# HW2: Naïve Bayes

In this homework, you'll implement and (very briefly) discuss a bag-of-words Naïve Bayes sentiment classifier—a simple but effective example of a linear classifier.

This assignment is due at the start of class on September 29. When you're done, upload your edited `ipynb` file to NYU Classes.

## Setup

First, let's load the Stanford Sentiment Treebank. If you don't already have it, download it from here: [the train/dev/test Stanford Sentiment Treebank distribution](http://nlp.stanford.edu/sentiment/trainDevTestTrees_PTB.zip), unzip it, and put the resulting folder in the same directory as this notebook. (If you want to put it somewhere else, change `sst_home` below.)
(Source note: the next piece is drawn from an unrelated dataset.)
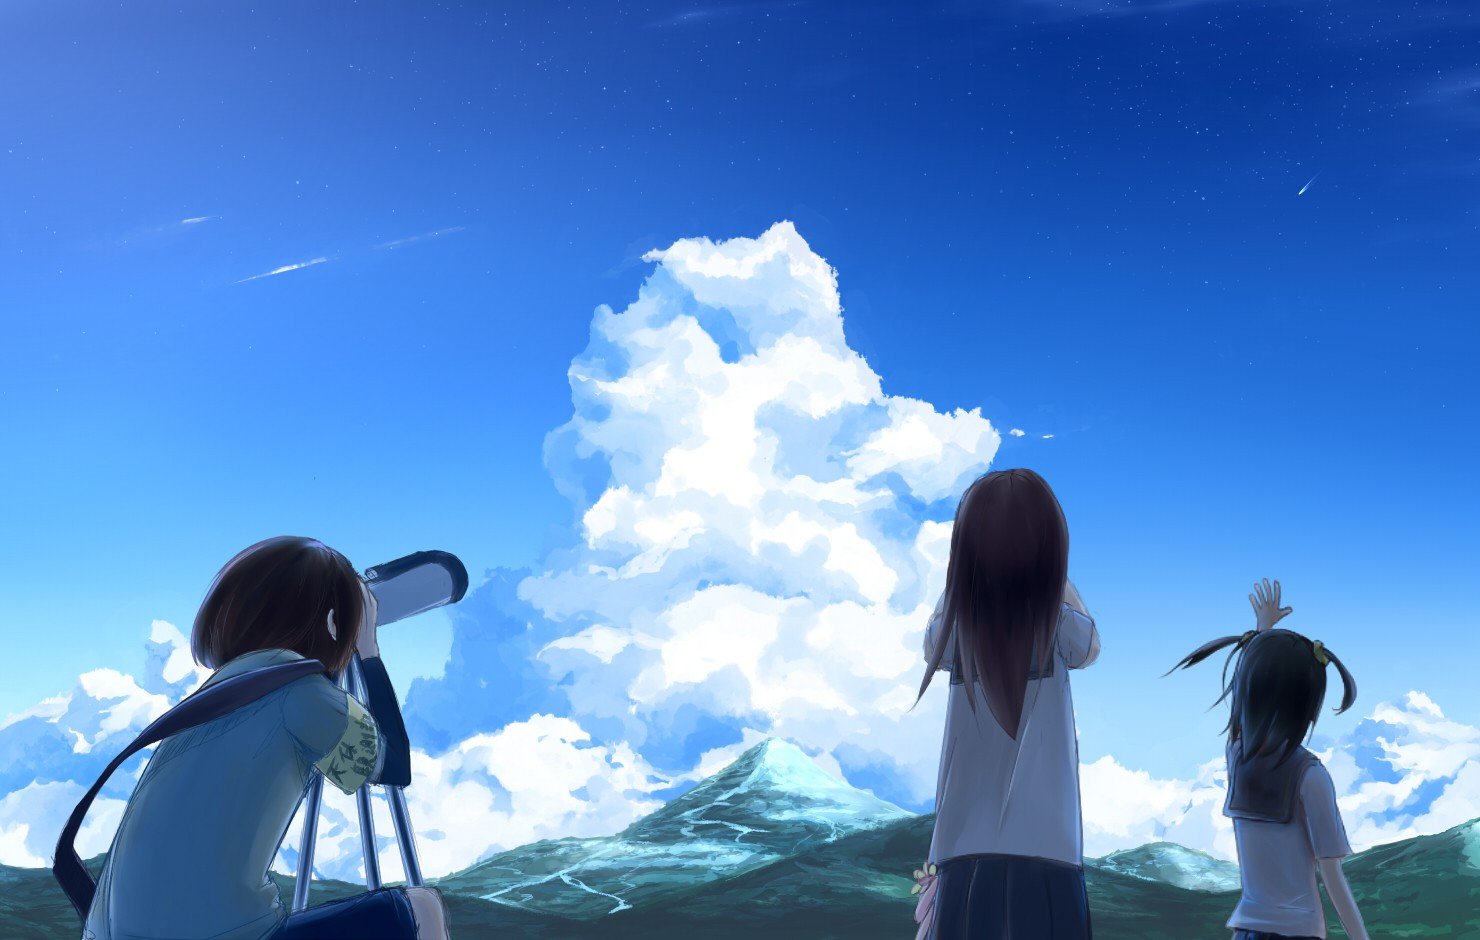 brunettes, Mountains, Clouds, Landscapes, Back, School, Uniforms, Schoolgirls, Skirts, Long, Hair, Short, Hair, Twintails, Scenic, Skyscapes, Anime, Girls, Armbands, Hair, Ornaments, Black, Hair, Skies, Three, G Wallpaper

Note: Unlike with k-nearest neighbors, Naïve Bayes evaluation should be quite fast (thousands of examples per second at least), so we don't need to trim down the dev and test sets. 

In [143]:
sst_home = './trees'

import re
import random

def load_sst_data(path):
    
    EASY_LABEL_MAP = {0:0, 1:0, 2:None, 3:1, 4:1}
    
    data = []
    with open(path) as f:
        for i, line in enumerate(f): 
            example = {}
            example['label'] = EASY_LABEL_MAP[int(line[1])]
            if example['label'] is None:
                continue
            
            # Strip out the parse information and the phrase labels
            text = re.sub(r'\s*(\(\d)|(\))\s*', '', line)
            example['text'] = text[1:]
            data.append(example)

    return data
     
training_set = load_sst_data(sst_home + '/train.txt')
dev_set = load_sst_data(sst_home + '/dev.txt')
test_set = load_sst_data(sst_home + '/test.txt')

print dev_set[1]

{'text': "And if you 're not nearly moved to tears by a couple of scenes , you 've got ice water in your veins .", 'label': 1}


## Part 1: Bags of words

Next, let's write a function to convert these sentences into feature vectors. The function template here simply extracts three useless (?) dummy features:

- The number of characters in the review.
- The first letter in the review.
- Whether the letters 'th' appear in the review.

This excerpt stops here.